THE LYMPHOCYTE RESPONSE TO PRIMARY MOLONEY SARCOMA VIRUS TUMORS IN BALB/c MICE

DEFINITION OF THE ACTIVE SUBPOPULATIONS AT DIFFERENT TIMES AFTER INFECTION

E W Lamon 1, H Wigzell 1, E Klein 1, B Andersson 1, H M Skurzak 1
PMCID: PMC2139349  PMID: 4709269

Abstract

Adult BALB/c mice were injected with Moloney sarcoma virus (MSV) after which the animals' lymphocytes were examined for activity against Moloney leukemia virus (MLV) antigen-bearing target cells at 5-day intervals for 30 days. Lymphocytes from these animals and appropriately matched controls were fractionated into B cell-deficient (primarily T cells) and T cell-deficient (primarily B cells) subpopulations. Macrophages were removed using iron powder and magnetism. The unfractionated lymphocytes, T cells, and non-T cells were then tested in microcytotoxicity tests. Antigen-specific activity was found in the unfractionated lymphocytes from animals that had not yet developed palpable tumors and from regressor animals.
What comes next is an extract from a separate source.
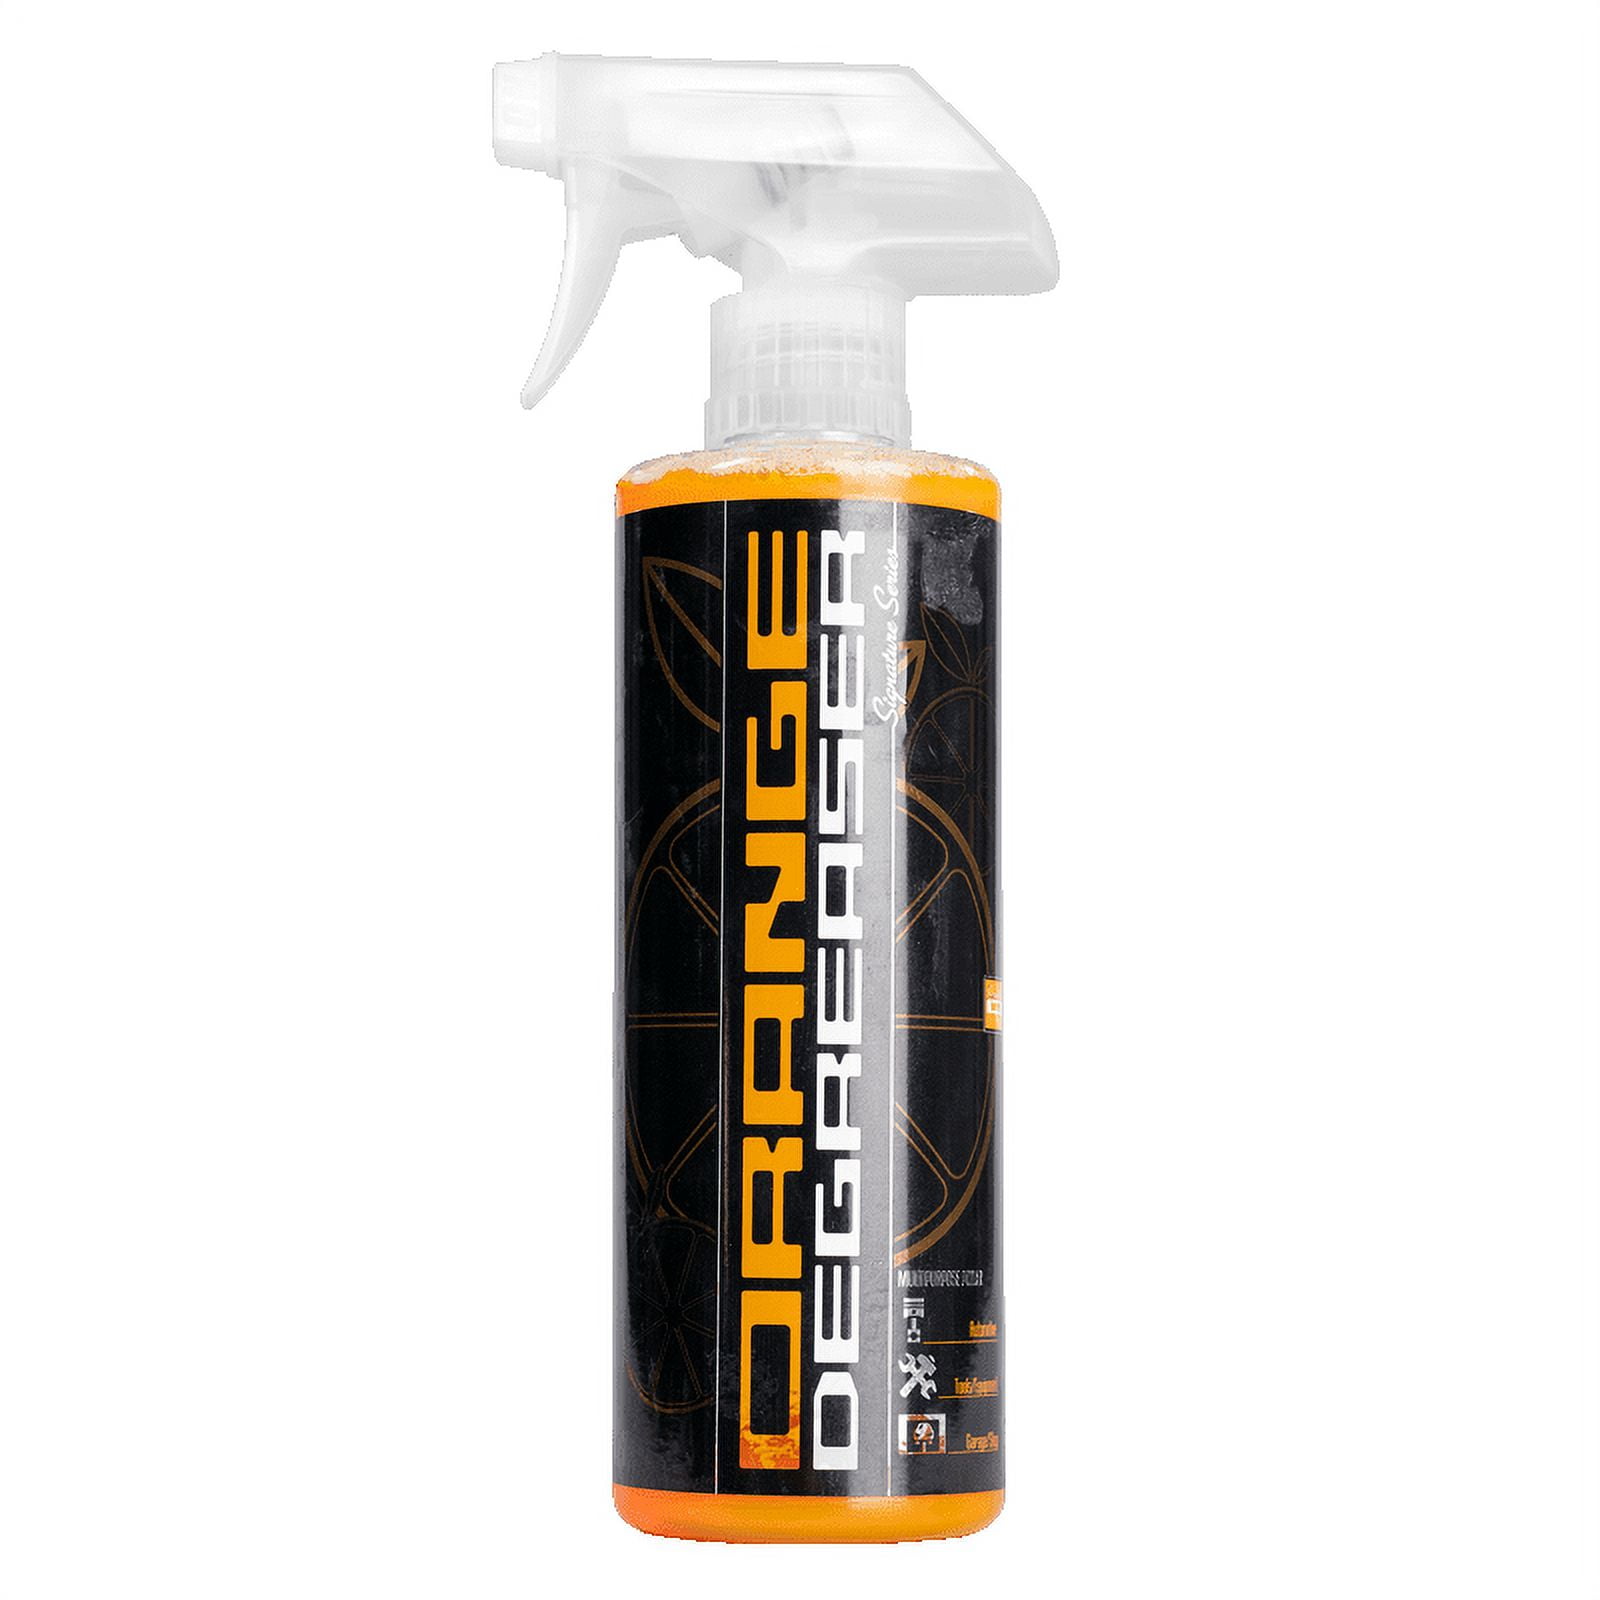 Orange Lightning Multi-purpose Degreaser Cleaner — 32-Oz. Spray Bottle by  Monster Labs

The T cells were active just before tumor development and just after regression; however, by day 30 after virus infection (8–10 days after regression) the T cell subpopulation was much less active. The non-T cell subpopulation was also active before tumor development and soon after regression. However, this activity continued to rise after regression and was highest at 30 days. At day 15 (peak tumor size) neither subpopulation was active. The activity was demonstrated to be specific for the MLV-determined cell surface antigen by testing on control target cells that were MLV antigen negative and by comparison of the inhibitory effects with lymphocytes immune to a nonpertinent antigen as well as normal lymphocytes. The non-T cells were tested for activity before and after removal of macrophages with iron powder and magnetism. Such cells were significantly more active after removal of the macrophages. These data demonstrate specific T cell and non-T cell activity in microcytotoxicity tests with a tumor-specific system and strongly suggest that the non-T cell activity described herein is a B cell function.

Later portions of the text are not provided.